SCA Chief Plans to Separate Assets in Two Standalone Units

Svenska Cellulosa AB, Europe’s largest private forest owner, will create two divisions, one for forest products and another for consumer products, in a move that could foreshadow a breakup of the company.
The Swedish company’s swathes of woodlands will be combined with paper, pulp and sawn-timber operations to better highlight the value of the operation, while tissue and personal-care products will form a separate entity, the Stockholm-based company said in a statement on Friday.
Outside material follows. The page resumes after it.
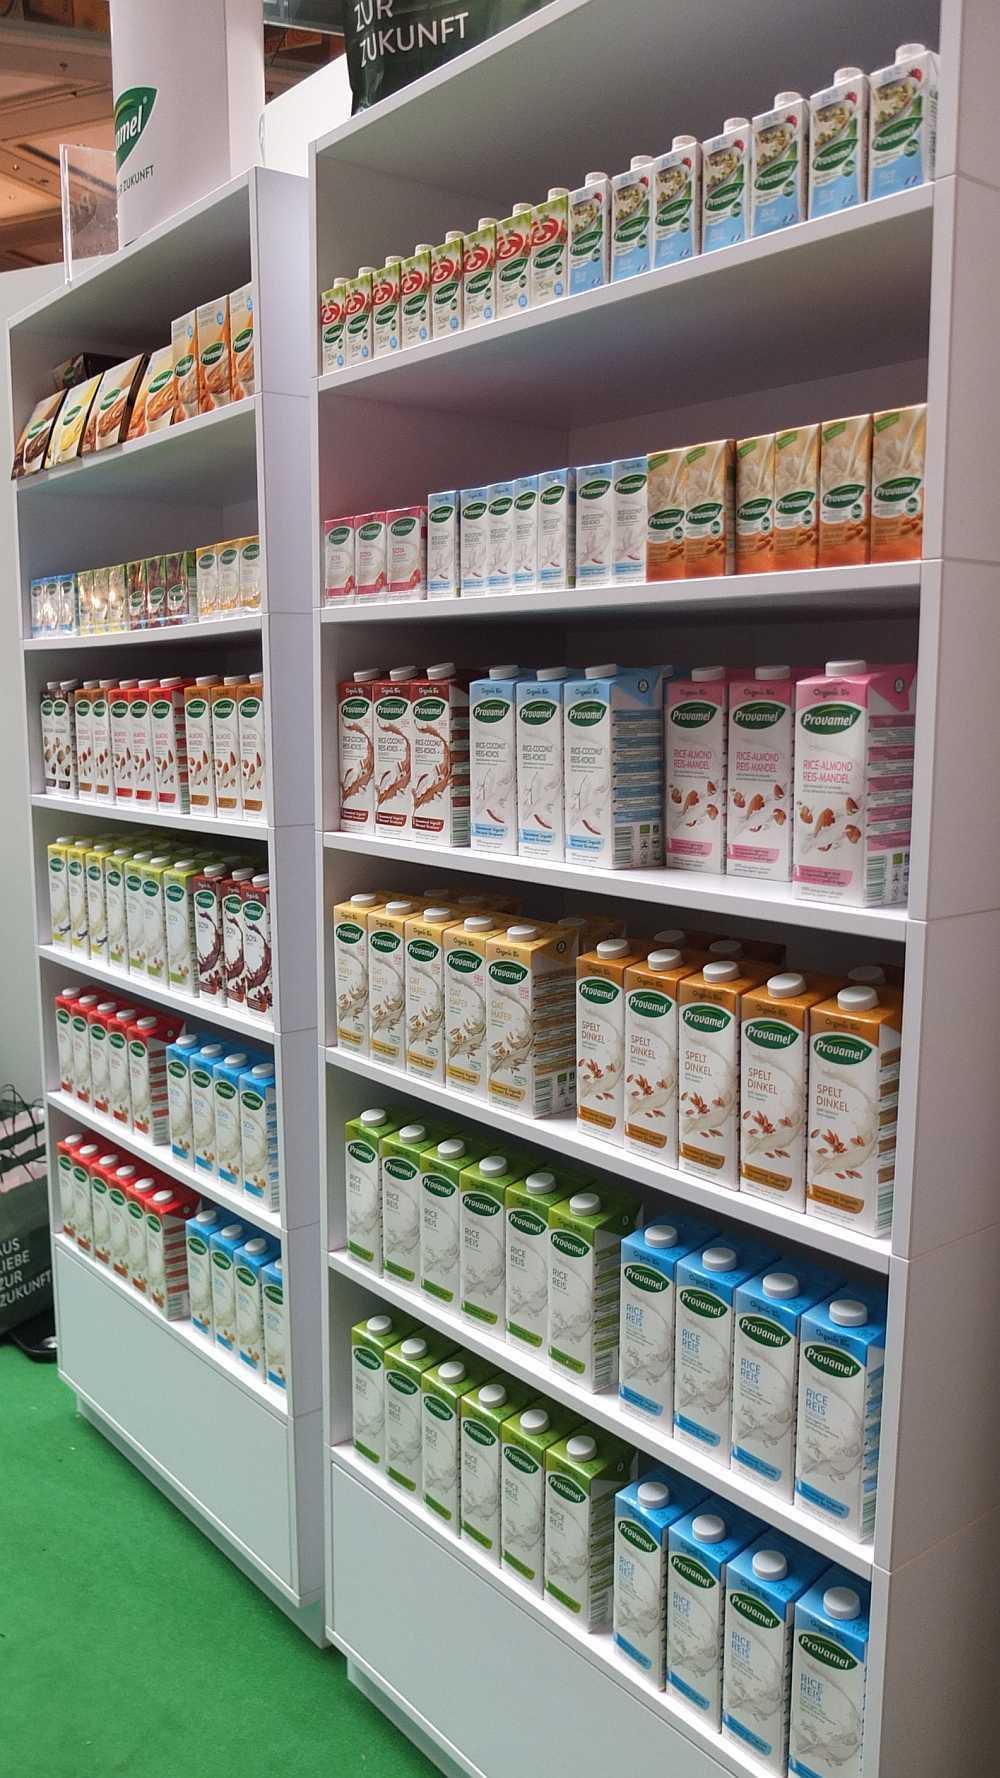 provamel-pflanzenmilch

SCA shares climbed as much as 6.2 percent.
“This announcement splits SCA clearly into two parts,” Exane BNP Paribas analyst James Wyatt said in a note. “Could part of the motivation here be to ready the company for a split? The answer is unclear, but will certainly be something for the bulls to latch onto today.”
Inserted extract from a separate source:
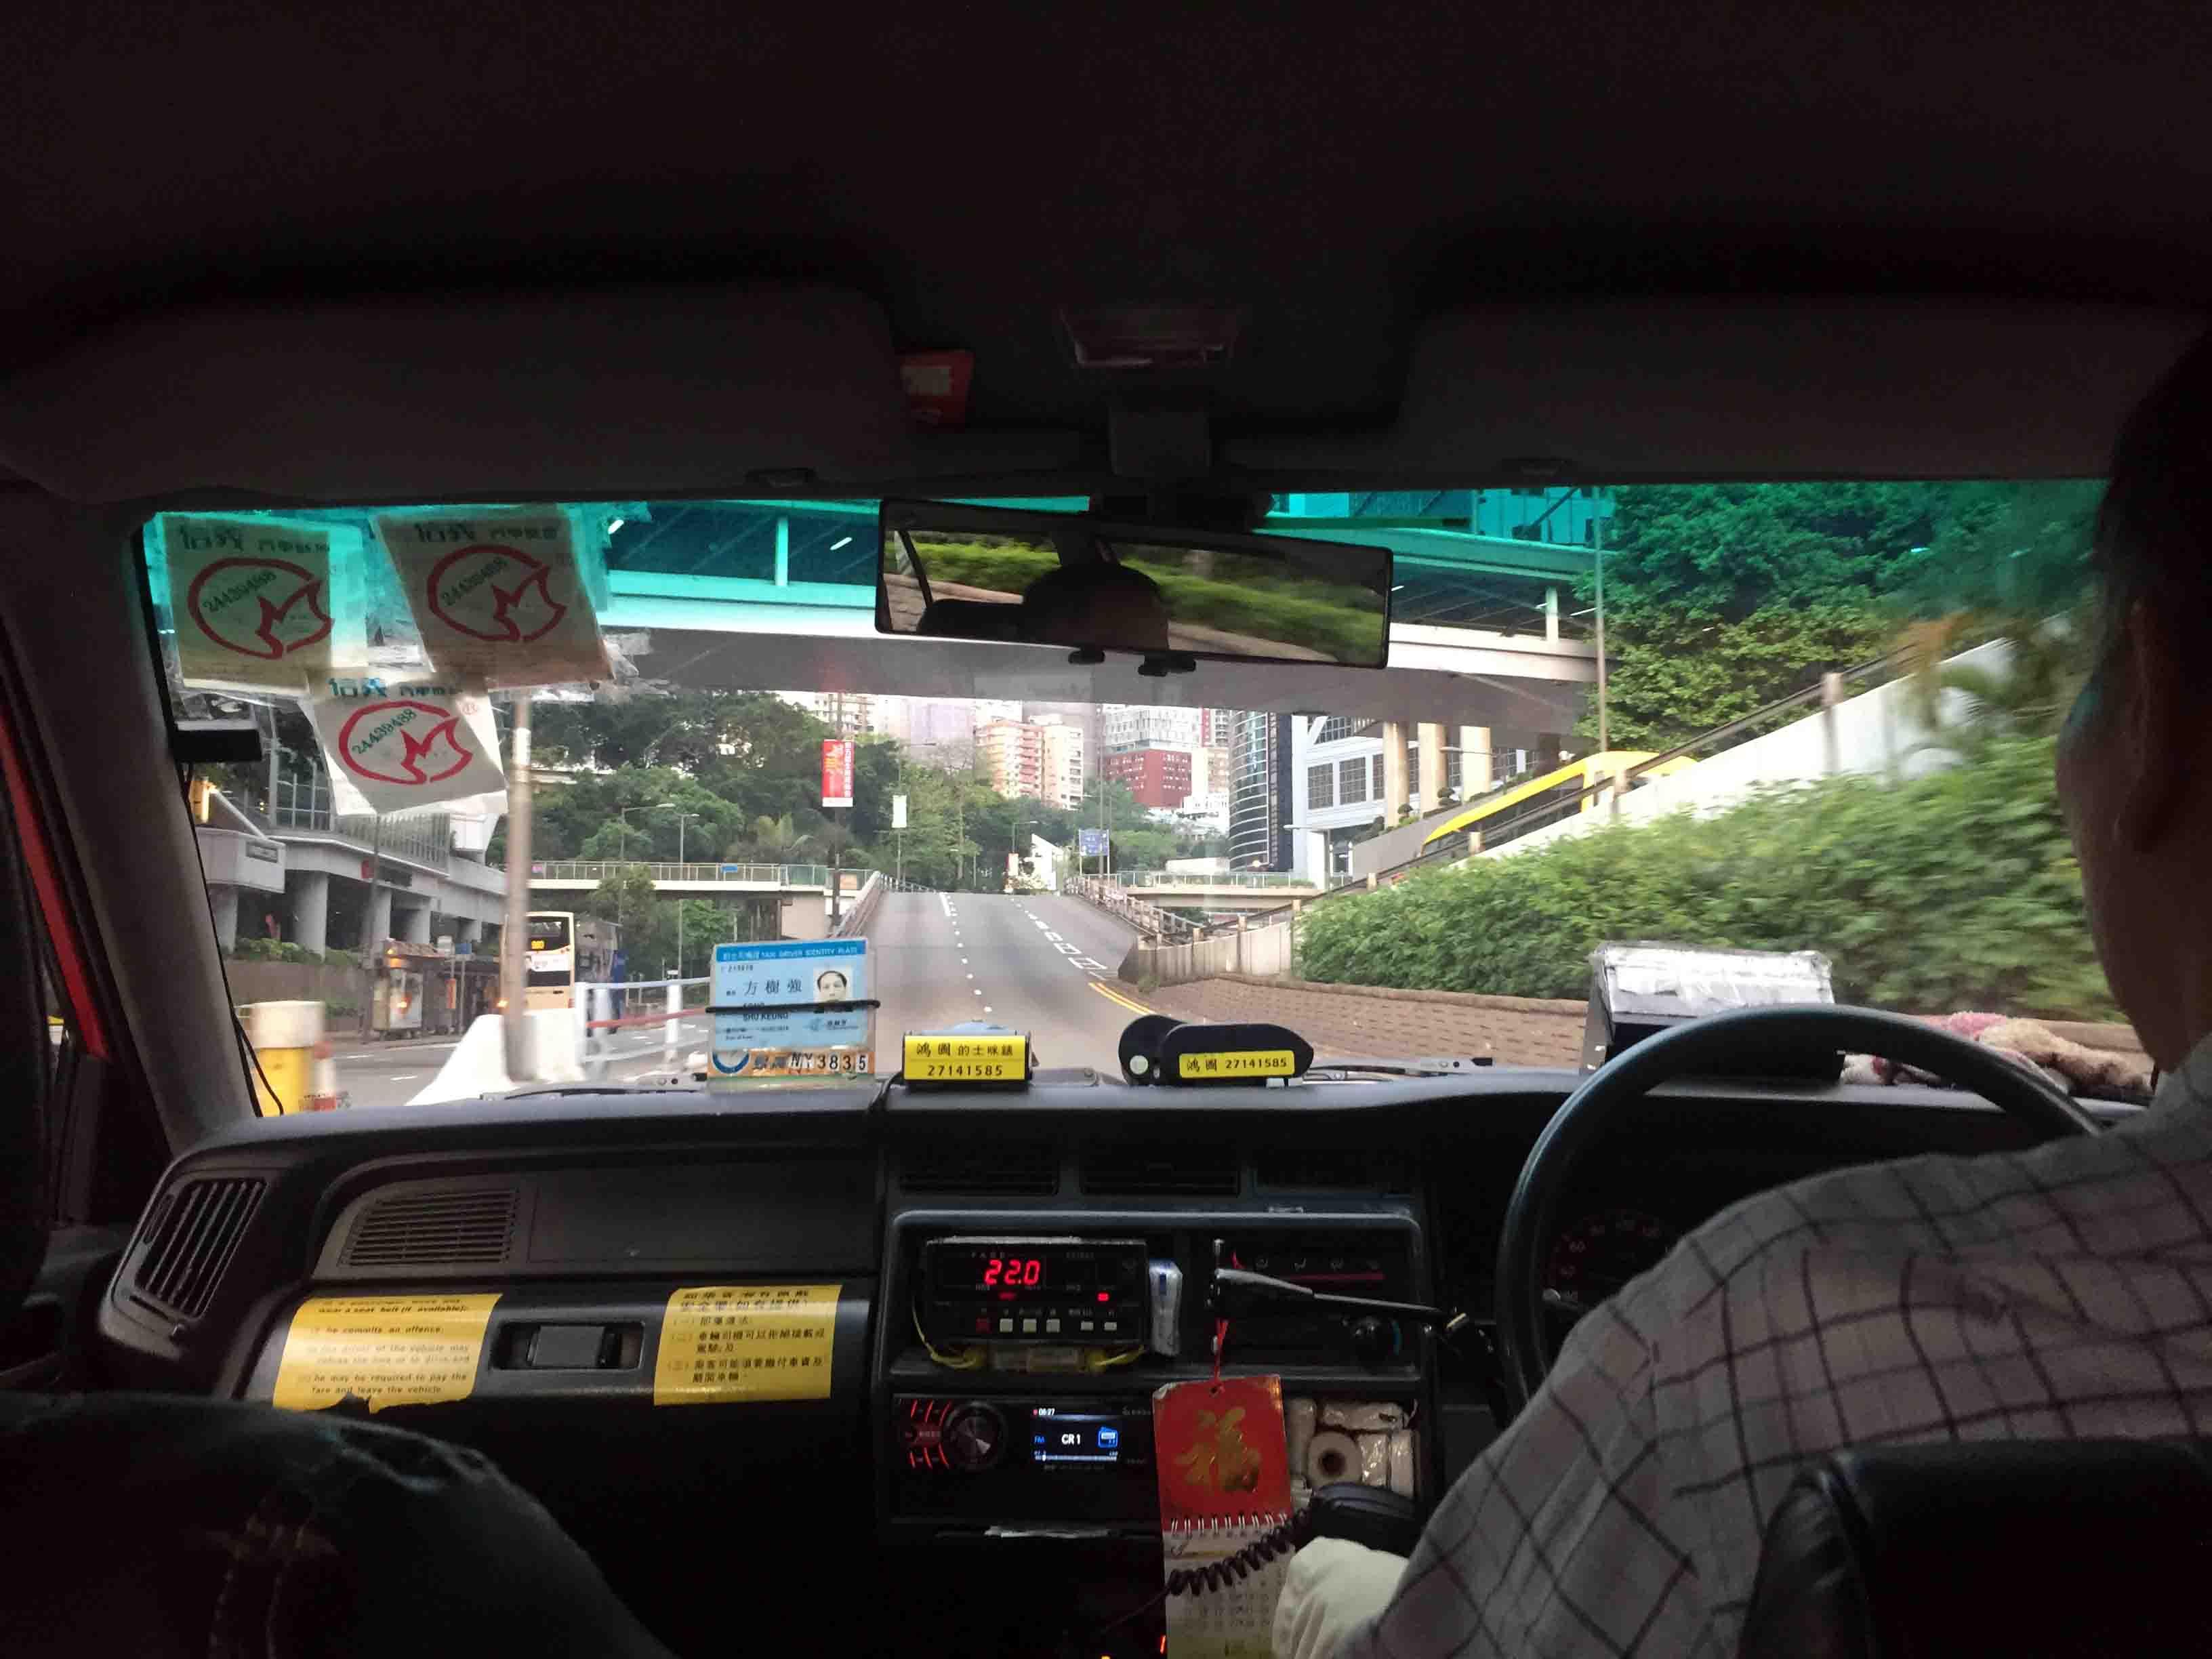 taxi-cabs-hong-kong

The Swedish company generates 85 percent of sales from tissue and personal-care products like incontinence pads and diapers. Asked whether the measures are a prelude to exiting forest operations, Chief Executive Officer Magnus Groth said on a call that the company hasn’t made any further decisions.
The separation will take until the end of next year, partly due to the legal work required to make the forest-products division a subsidiary, according to Groth, five months into his role after replacing Jan Johansson, who was ousted following controversies about alleged misuse of corporate jets.
“This is a journey that we have started now, to make this separation of the assets,” the CEO said.
SCA has earmarked 7.8 billion kronor ($922 million) in investment to double production capacity of pulp over the next three years at a mill in Sweden.
The stock traded 10.30 kronor higher at 244.2 kronor as of 9:53 a.m., an advance of 4.4 percent.